UPD: Round is over, provisional results have been published. Cutoffs:
- Advancement to Round 3: 55 points (A+B+C) with time ≤ 2:21:53
- Facebook Hacker Cup 2015 T-Shirt: 10 points (А) with time ≤ 30:23
Did they send notification by email this time? I didn't receive it...
I got one.
Also, 50 more shirts! Yay!
Hmm contest starts 5am here.. Not sure if I should go to sleep or stay awake (・_・ヾ
same here
Good luck, everybody! May we have a smoother round than last time :)
Is ranking going to be online during the contest? Is it going to be frozen before end of the round? When will we know the official results?
The live (pre-judgment) scoreboard is available to everyone during the contest. It never gets "frozen" (in the ICPC sense) because you don't actually see the judgments until the end of the round. The scoreboard should be revealed shortly after the end of the round.
Why can't people not competing see the problems? Can't think of any cheating argument or anything else. Would make it more exciting as a spectator to be able to see what problems people are solving.
Agreed. We're going to make sure this is available for next year. We unfortunately don't really have any time to do development on the system during the contest season because we're busy with the administration of the contest.
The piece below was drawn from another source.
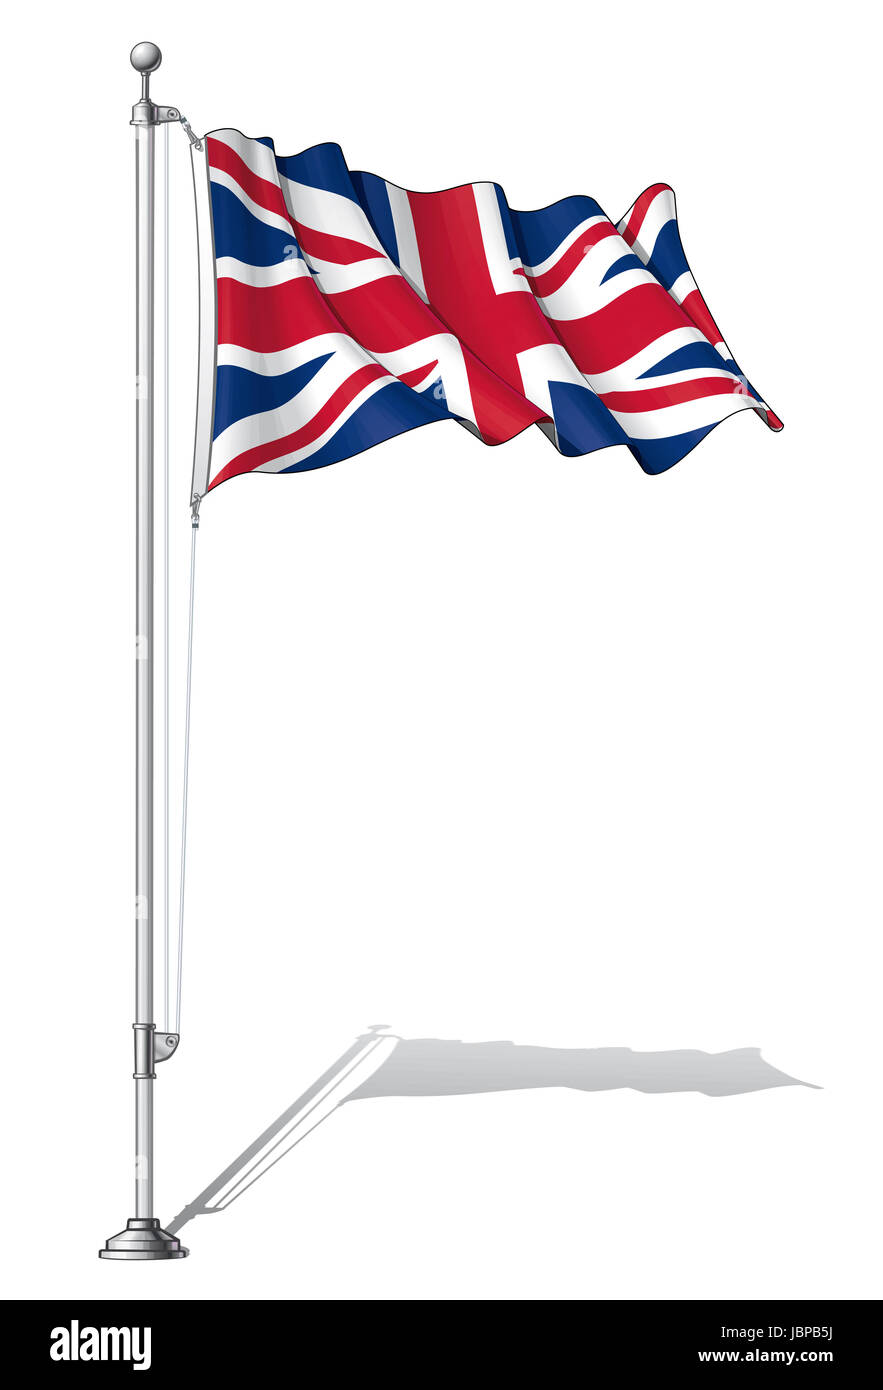 Vektor-Illustration einer winkenden UK Flagge auf einem Fahnenmast  befestigen. Fahne und Mast in separate Schichten, Strichzeichnungen,  Schattierung und Farbe fein säuberlich in Gruppen für die einfache  Bearbeitung Stockfotografie - Alamy

But I intend to make a bunch of improvements for next year.
I just made a post with the problem statements: https://www.facebook.com/hackercup/posts/904095026289353
One thing I would like to add if possible divide a problem into two set, like gcj one having small test and another large. Otherwise it is painful to do small mistake which you can not correct after 6 min.
Could you reupload the image for the last problem (Fox Socks) in bigger resolution, please? It is possible to read it, but it is quite problematic.
There's an image?
You can click "Options" and then "Download" (if you're on a desktop).
I am, and I don't see "Options"; neither does Ctrl+F.
Could you share an estimate on when the results will be available? Does it make sense to wait or should we go to sleep?
On an fb post, they said about 30 minutes
Announced estimate from home page was 30 minutes ;-)
Last problem: does the queries mean:
From bin Ai to Bi or from bin Ai to bin (Ai + Bi-1) ?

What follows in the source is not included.